Leah turned the car sharply, onto the empty road out of town, the side that I knew the least, as we sped away from Bastion.
I tried not to listen to the screams, to ignore the smell of smoke, to see the huge plume of still billowing from the ruins of Rudy’s house, but they had already ingrained themselves into my mind.
Chapter Twelve
In Ruins
Trees, forests, desolate empty roads save for the occasional abandoned wreck of a rusted car… We must have driven for two miles before the car finally came grinding to a halt as Leah parked it a little off the road beneath some trees, next to an empty house. We had some cover, but even though we rarely ran into others in our time in this world, I still found myself wary and paranoid as I got out of the car.
Where are we going?
Oh my God, they’re all fucking dead…
What happened to mom?
What were those things? Were they people?
Robbie, just calm down…
Tommy, where are we headed?
I can’t believe it…
What are we going to do, Tommy?
Robbie leapt out of the front seat the moment the car stopped, dropping to his hands and knees and throwing up a
ll over the grass. Even though Leah had a firm grasp on the wheel still, I knew it was only to stop her hands from shaking so violently – from the backseat I could feel the shudder emanating through the car as she stared straight ahead catatonically. Hayley had her face buried in her hands as she shook her head violently, trying to maintain some composure.

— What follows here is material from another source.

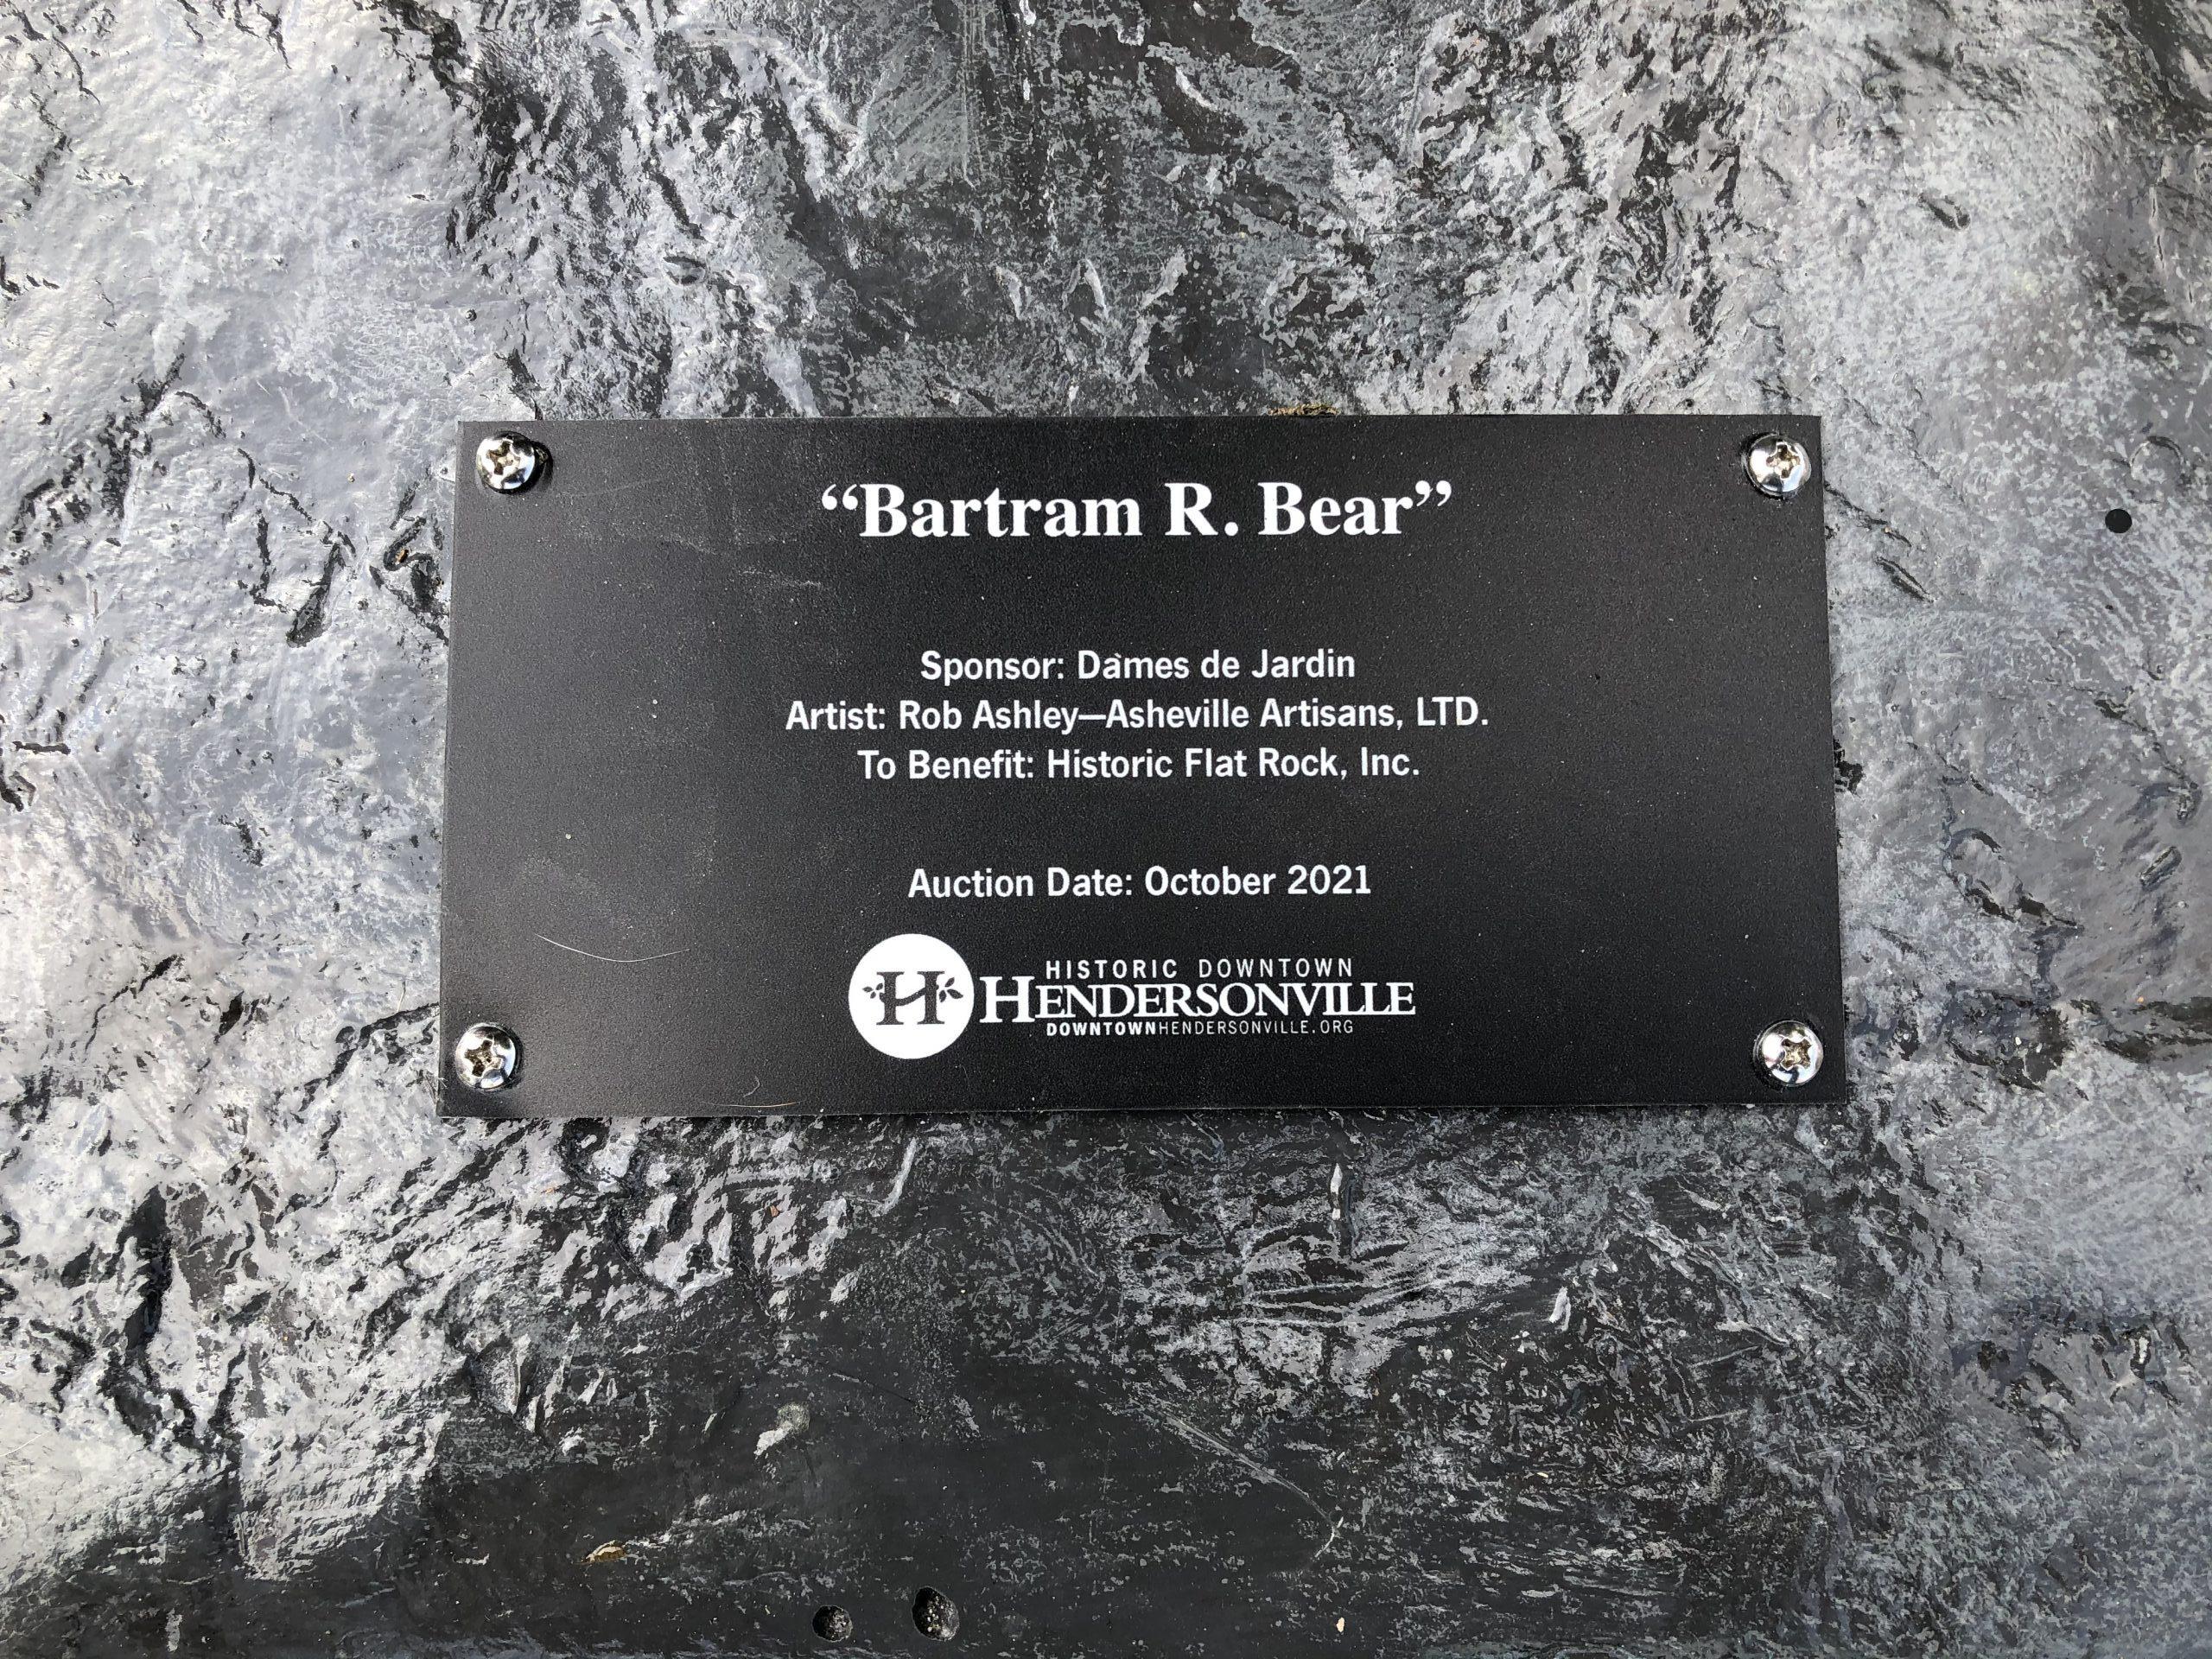 Bartram R. Bear Historic Flat Rock

I looked about at the three of them, hearing Robbie retching on the ground nearby, before getting out of the car and shutting the door behind me.
I took a deep breath, feeling myself shaking with the afterburning shock of everything that had just happened.
Three days ago we had been a community of fifty strong people, running Bastion like clockwork, making sure everybody could live comfortably. Now, for all I knew, we were the only four survivors. There was no sign of anybody else, not even the sounds of screams from Bastion, although in the sky I could see the thinning plume of smoke continuing to rise towards the clouds, Rudy’s last-ditch effort to take out as many of the infected as possible.
I was a second away from leaning one way or the other, from gaining some control over myself or collapsing into a screaming mess.
Turns it was the latter.
‘FUCK, FUCK, FUUUUCCCK!’ I bellowed, my lungs straining with the force of the scream as I dropped to my knees and held my head in my hands, my arms shaking uncontrollably. I eventually fell onto my back and found myself staring up at the cloudy sky. It had begun to clear a little, unashamedly proceeding as it did every day. It was one of those things that hadn’t been affected by the fall of man; nature continued, uncaring, all-powerful.
I don’t know how long I stayed like that for, but when I finally sat up and then brought myself to my feet, Robbie was leaning against the front of the car, Leah had sat back in the seat, and Hayley was stood on the roof, looking about at the scene around us.
I crossed over to it silently – none of us had said anything coherent or made an effort to communicate since we had stopped. I opened the driver’s door, looking at Leah, who refused to even acknowledge me as she continued to stare straight ahead of herself.
‘You alright?’
She did nothing for a few seconds before looking down at her lap. Finally, she took a few deep breaths before getting out of the car. Robbie shook his head and rounded to us, and Hayley sat down on the roof. They all seemed to have gotten themselves together – they had done it with a lot more control than I certainly had.